At the HUMAN X Conference, the panel featuring Jennifer Smith, CEO and co-founder of Scribe, and Mada Seghete, founder of Upside and former co-founder of Branch, provided a particularly useful perspective on the topic of women in AI. It was not an abstract debate on diversity, but a concrete conversation about how AI-native companies are born, what it takes to build them, and the real tensions that teams working with artificial intelligence face today.
The most important thing is this: AI has not been presented as a trend, but as an accelerator of business transformation. Both founders start from very clear operational problems. It is precisely this origin, human and not theoretical, that lends authority to their theses.
Women in AI and Startups: Why the Context is Different Today
Mada Seghete explained that she is on her second company. After co-founding Branch, which reached over $100 million in revenue, she launched Upside starting from a problem she personally experienced: the difficulty in B2B marketing of precisely demonstrating what is truly generating impact. In short: she no longer wanted marketers to spend more time justifying their value than building effective campaigns.
Jennifer Smith described a different yet complementary journey. The idea of Scribe stems from repeated observations, first at McKinsey and then in venture capital, that companies operate thanks to an invisible asset: institutional know-how. The best people don’t just follow a written guide. They work with shortcuts, context, experience, exceptions. And all of this, in most organizations, is not captured.
This means that the starting point for the two companies is not to “do AI”, but to solve a specific friction:
for Upside, better measure the contribution of marketing;
for Scribe, capturing and scaling operational knowledge;
for both, turning data and workflows into a real advantage.
What Sets Apart a Second-Time Founder
An interesting element that emerged from the panel is the shift in mindset during the second venture. Seghete highlighted that, the second time around, the reason for wanting to build a company is clearer. There is less need to “prove something” and a greater desire to work with esteemed individuals on a genuinely felt issue.
Smith recounted a months-long reflection process, guided by a simple question: what will I be proud of? The answer was not just about the business, but the opportunity to build something useful, enduring, and capable of amplifying human potential.
Women in AI and AI-first Products: Why Context Matters More Than Automation
One of the most compelling points of the discussion concerns the quality of AI-first products. Jennifer Smith highlighted a crucial point: the greatest risk in the company is not just the model’s “hallucination,” but the fact that the model reasons without sufficient context.

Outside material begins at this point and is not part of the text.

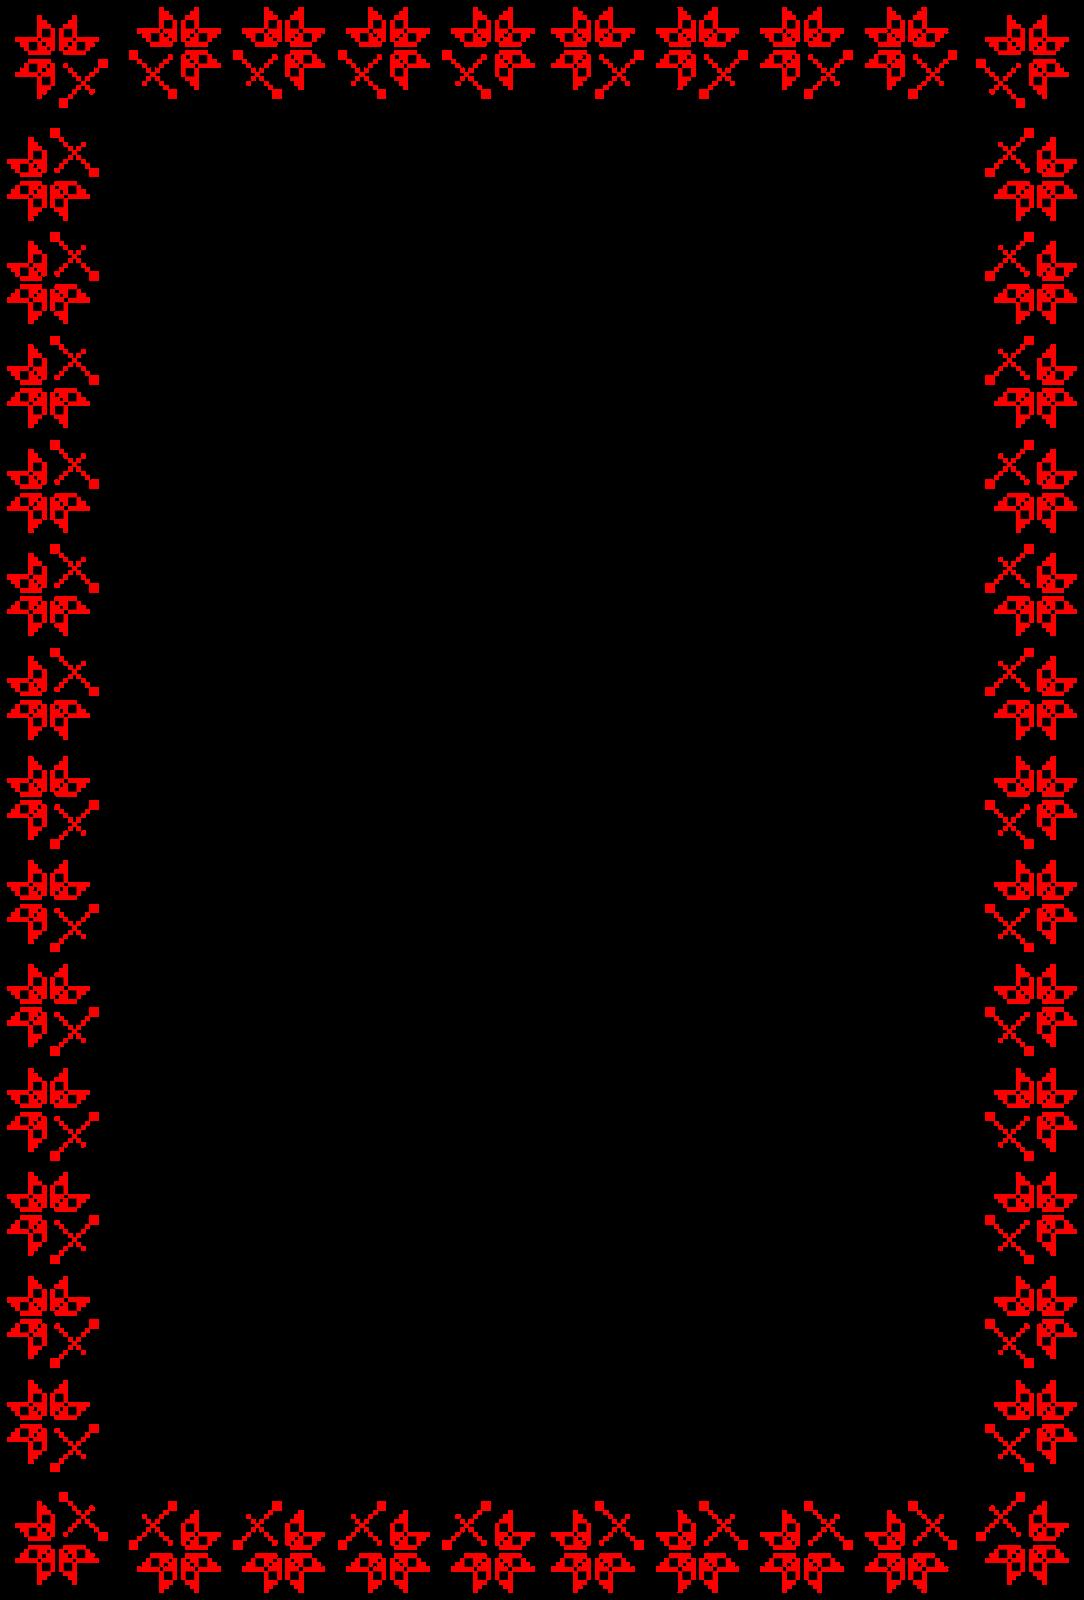 Украинский фото со стоков и изображения.

This distinction is crucial. A system may be highly advanced in reasoning ability, but if it doesn’t know how a specific company closes the month, approves an expense, or manages a regulatory exception, then it is simply guessing. And in the enterprise, especially in regulated environments, this is dangerous.

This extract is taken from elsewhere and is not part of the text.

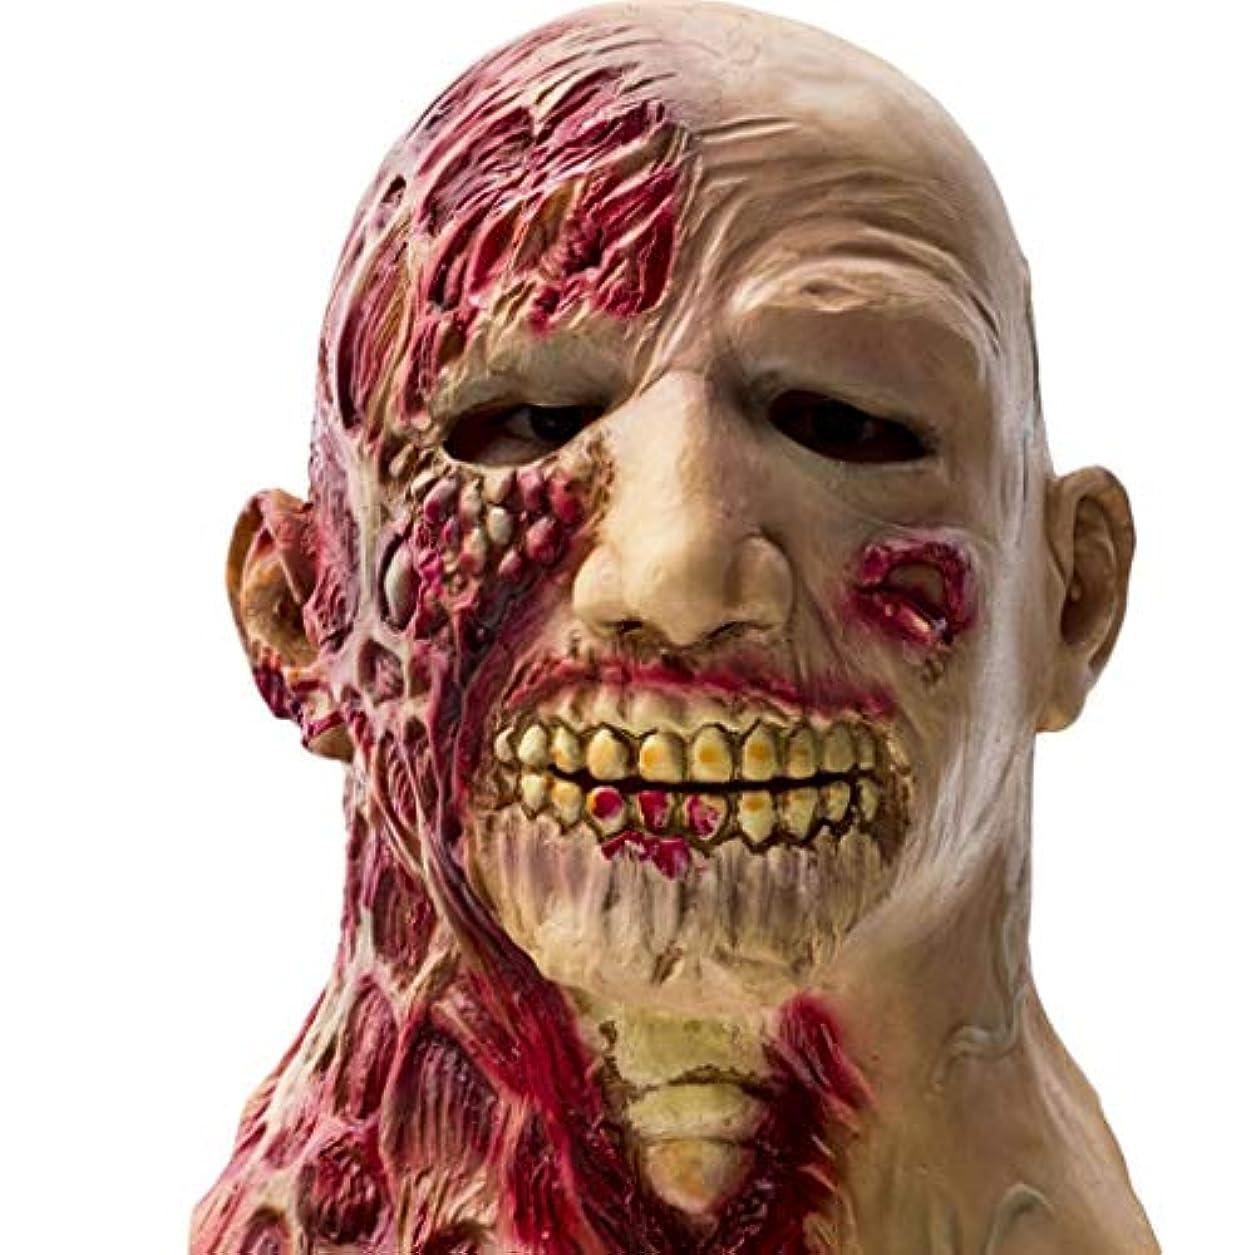 手がかり植物の不機嫌ハロウィン大人のラテックスホラーマスクしかめっ面マスクパーティーマスク怖い悪魔マスク映画小道具仮面舞踏会マスク

Explicit definition: the context layer is the informational level that describes how a company truly operates, including workflows, exceptions, dependencies, and operational memory. Without this layer, automation remains fragile.

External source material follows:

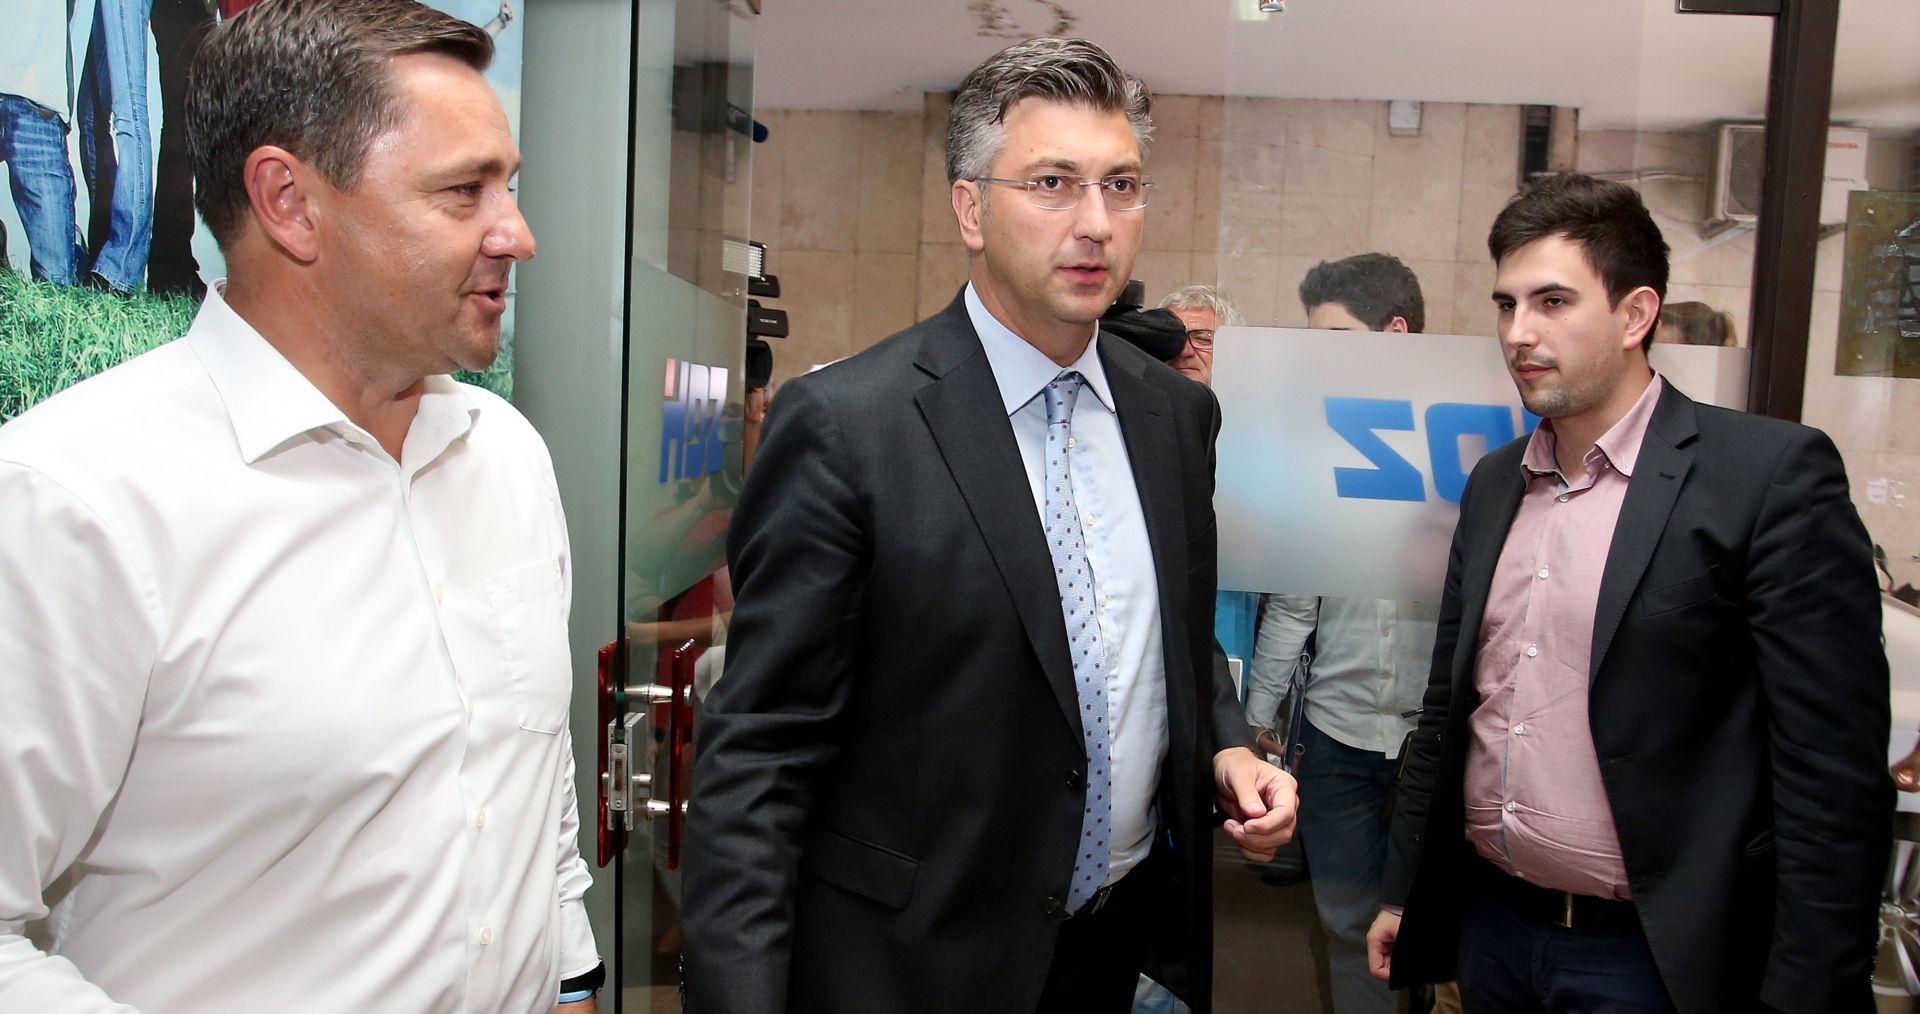 Plenković: Počinju razgovori s Mostom i drugim strankama

Mada Seghete added a second key concept: memory is the hottest topic. It’s not enough to feed data to the models. The memory of interactions also matters, the way users correct the agent, refine reports, and progressively build better outputs. In practice, the future of enterprise AI products depends on two combined factors:
correct context;
useful and shareable memory.
Question: Why do many AI projects fail in companies?
Answer: because they have access to powerful models, but lack the operational context necessary to perform the work reliably.
This is one of the most significant insights from the panel. It shifts the focus from an obsession with the model to the quality of the internal information infrastructure.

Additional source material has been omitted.